Analysis of data from CryptoQuant reveals a marked decline in the average size of ETH whale sell orders executed on Binance. In recent weeks, this average has fallen to approximately 1,350 ETH, a considerable decrease from the roughly 2,250 ETH observed in early January. Factoring in an estimated daily volume of 15 to 35 whale-sized transactions, the cumulative gross sell-side turnover since January 8th is estimated to be between 1.8 and 2 million ETH over the last 45 days. At an assumed average price of $2,400 per ETH, this volume translates to a substantial gross traded value of approximately $4.3 billion to $4.8 billion in large-order executions. It is important to note that this figure represents gross traded volume and not confirmed net outflows, as a portion of these transactions may be attributed to hedging strategies or liquidity provision within the derivatives market.

Crypto analyst Darkfost has commented on this trend, suggesting that the reduction in average order size signifies a "gradual disengagement" by major market participants. According to Darkfost, while smaller traders are maintaining their usual transaction volumes, larger players are actively reducing their direct involvement with the order books. This shift has led to a temporary thinning of market depth, meaning that with fewer large orders resting on the books, Ether’s ability to absorb significant price imbalances in the short term is diminished.
In parallel to the changes in exchange flows, data on ETH accumulation addresses paints a contrasting picture. Throughout February, these addresses collectively added over 2.5 million ETH to their holdings, even as the price of Ether saw a decline of approximately 20%. The total holdings of these accumulation addresses have now risen to 26.7 million ETH, up from 22 million at the start of 2026. This steady increase in accumulation suggests that underlying demand for Ether remains robust, despite the apparent reticence of large traders on exchanges.
Ether is currently navigating its sixth consecutive week of losses, a period of sustained downward price movement that marks the longest uninterrupted weekly decline since the significant drawdown observed between March 2022 and June 2022, which spanned 10 weeks. That earlier period of losses occurred within the context of a broader bear market and ultimately preceded a cycle bottom before prices began to stabilize. While the current pullback is not as extensive as the 2022 downturn, the persistent weekly losses highlight sustained selling pressure and a weakening momentum on higher timeframes.

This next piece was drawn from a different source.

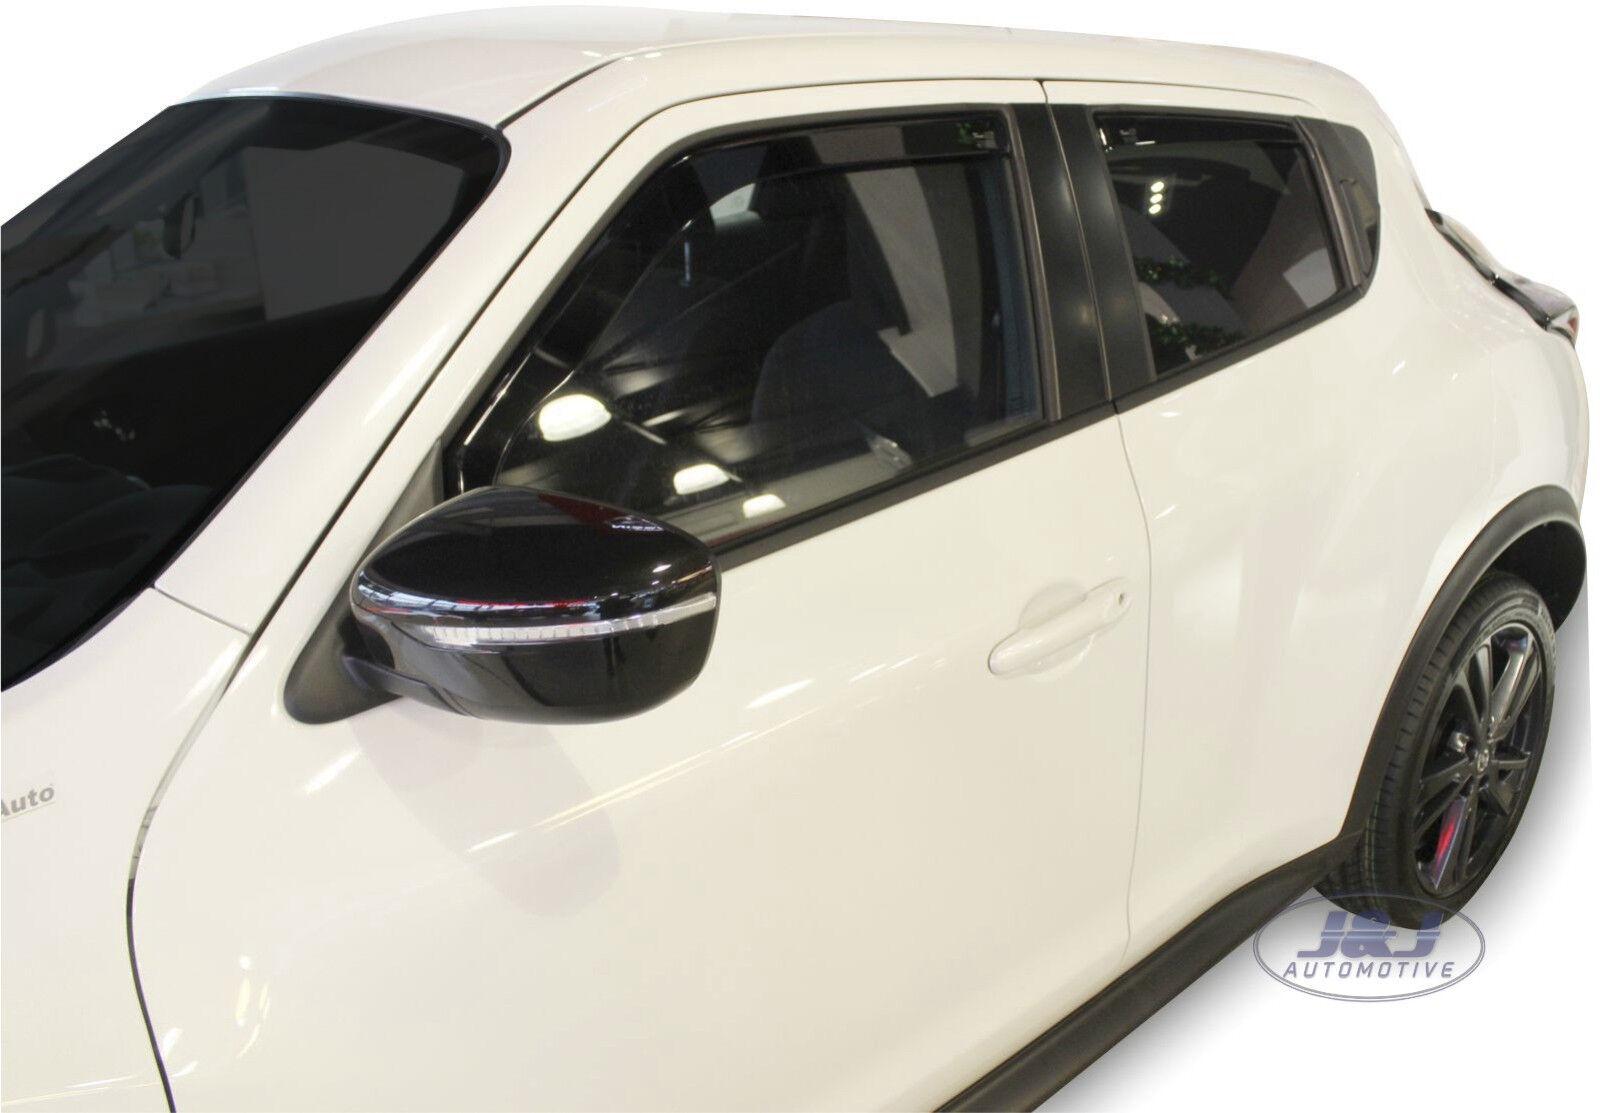 J/&J AUTOMOTIVE DEFLETTORI ARIA ANTITURBO Nissan Juke 2010-2018 4 pezzi

Historical market cycle data indicates that if the current decline persists, a significant weekly demand zone between $1,384 and $1,691 could come into focus. This price range previously acted as a key accumulation area during the initial stages of the rally in 2023, suggesting it may attract buying interest once again if prices fall to those levels.
Further insights can be gleaned from futures market liquidation data. Analysis from Coinglass reveals that over $2 billion in short positions are concentrated around the $2,000 mark. This cluster of short liquidations creates a significant liquidity pocket that could potentially act as a near-term magnet for Ether’s price, drawing it towards that level. Conversely, on the downside, approximately $682 million in long positions are at risk if Ether were to fall to $1,600. This indicates a comparatively thinner liquidity pool on the downside compared to the upside liquidation cluster.
Crypto trader RickUntZ has expressed a view that a V-shaped rebound from current levels remains a possibility, citing indicators of underlying demand within the existing market structure. For the immediate future, however, the data suggests that the $2,000 liquidation band represents the next key resistance level that Ether must overcome.

The Ethereum Foundation has recently commenced staking its ETH holdings, a development that occurs amidst ongoing concerns regarding client diversity within the Ethereum network. This move by the foundation may have implications for network security and decentralization, although its direct impact on short-term price action is yet to be determined.